Engagement of affect
Discovering what led the patient to end therapy by choosing death (or to consider doing so when increased suicidal ideation has emerged in therapy) is facilitated by the principle of engagement of affect. Therapist and patient may retreat from honest engagement in the face of suicide, but it is crucial to risk direct and genuine discussion about what really is happening on an affective level. Superficial or textbook explanations (eg, the therapist was going on vacation or the patient’s depression got worse) are often formulations that avoid engagement of affects associated with the emergence of murderous rage and the shift from a side-by-side collaboration to a toe-to-toe battle to the death.
The therapist’s contribution to suicide
The next principle is perhaps the most important: it involves a search for the perceived injury from the therapist that may have precipitated suicidal thoughts or behavior. Here the therapist, not just the patient, is accountable for what has happened between them. Cooperman10 has suggested that suicide attempts may follow empathic failures or narcissistic injuries unwittingly perpetrated by therapists. If the therapist asks, something will often emerge that reveals how the therapist has enraged, humiliated, or otherwise injured the patient and triggered increased suicidal ideation or the suicide attempt. Failure to take a patient’s distress seriously, distraction from a listening stance, or a condescending remark has often been perceived by the patient as a painful abandonment, empathic failure, or narcissistic injury that led to the wish (or decision to act) to “get even” with the therapist by killing the therapist’s patient and destroying the therapy.
This is a difficult but rewarding part of work with suicidal patients, with great potential for learning by both therapist and patient.
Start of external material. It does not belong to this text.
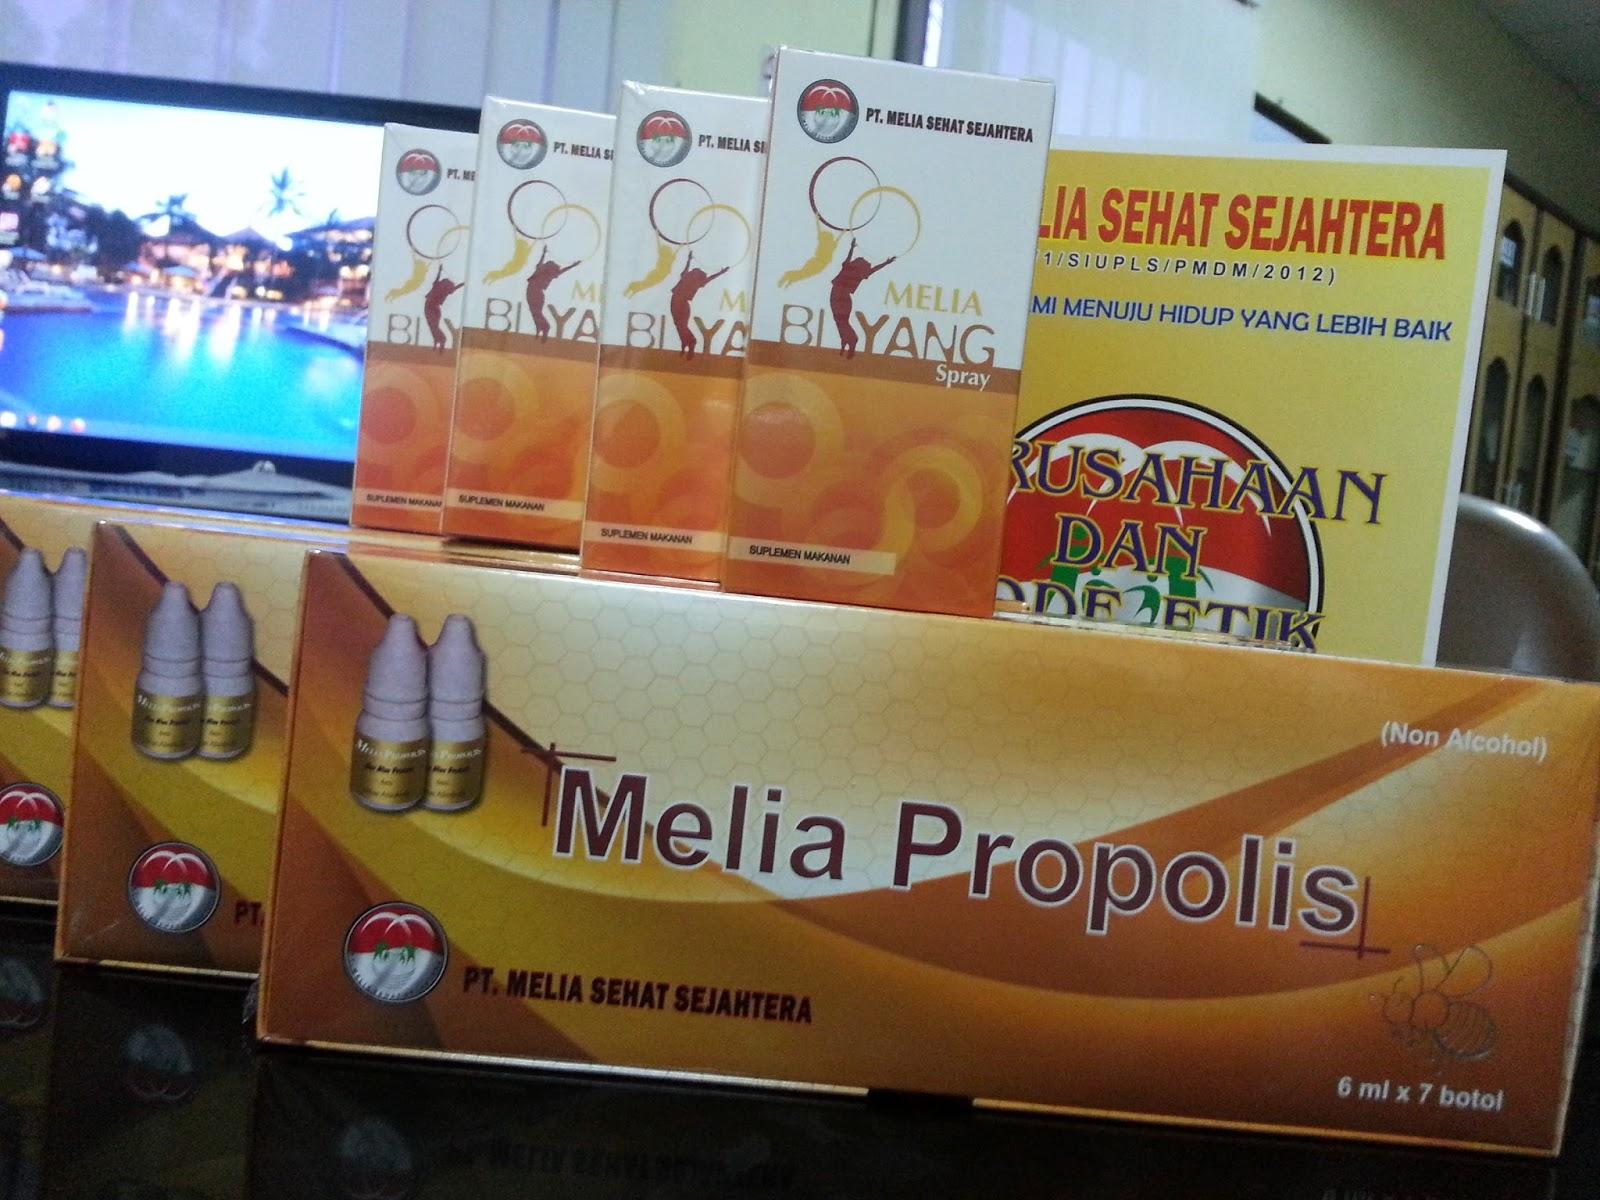 Distributor-Agen-Resmi-Jual-Melia-Propolis-Melia-Biyang-Banjarmasin

To do this well, the therapist must genuinely grasp his or her importance to the patient and be willing to look at his own fallibility. This kind of exploration often leads to an “Aha” moment when the patient’s suicidal wish or action suddenly has a context and may make resumption of therapy possible. It is appropriate to apologize for injuring a patient if we have erred. Apology is far more useful than defensively refusing to accept responsibility for the error, as if only patients make mistakes. However, one should avoid premature apology. Patients deserve opportunities to express hurt, anger, or a sense of abandonment to us, while we listen. An apology includes an explicit and difficult-to-refuse request for forgiveness. We do not want to be forgiven before patients have been able to vent their feelings; we do not want to apologize if we have not erred, although we may want to empathize with our patient’s experience.
Reparation
The final principle may be applied when a patient has unsuccessfully attempted suicide: the provision of an opportunity for repair. In many instances, exploration of the transference meaning of a suicide attempt may allow therapist and patient to learn something new. If the capacity to trust and the credibility of the participants have not been too severely damaged, it may be possible to repair the therapeutic alliance, end the phase of consulting, and resume therapy.
A patient’s apology may be less important than an indication of new awareness of the meaning behind suicide, recognition that the meaning included a choice to end therapy, and that the patient will strive to keep the terms of the alliance and use words rather than action when angered or hurt by the therapist. Meanwhile, the therapist must to be able to put aside any lingering hurt, anger, or mistrust for therapy to resume.
Conclusion
The principles outlined here for ABT with suicidal borderline patients emphasize the patient’s choice and responsibility and make suicide an interpersonal event between therapist and patient that can be explored through the lens of the vicissitudes of their relationship. Suicide is not viewed as simply a symptom of an illness.
The principles are easily misunderstood by the patient who may understand the therapist to be saying “If you attempt suicide, I will quit as your therapist.” In fact, the stance is closer to, “If you attempt suicide, it is inevitably a choice to end our important work. What is going on between us that makes you want to end our work? How have I pushed you to that choice?
ABT will not work with all patients, but it offers a powerful intervention for many. Patients are engaged in a way that views suicidal ideation and behavior as linked to the transference relationship, particularly the negative transference. This gives psychodynamic therapists a way to establish and maintain a viable therapeutic alliance while helping patients take control of suicidal behavior and allow work related to underlying issues to unfold. Until suicide recedes as an issue, however, other interpretive work is not the principal focus of therapy. Before exploring how their life history, conflicts, and unconscious fantasies may affect them, patients must stay alive to come to sessions.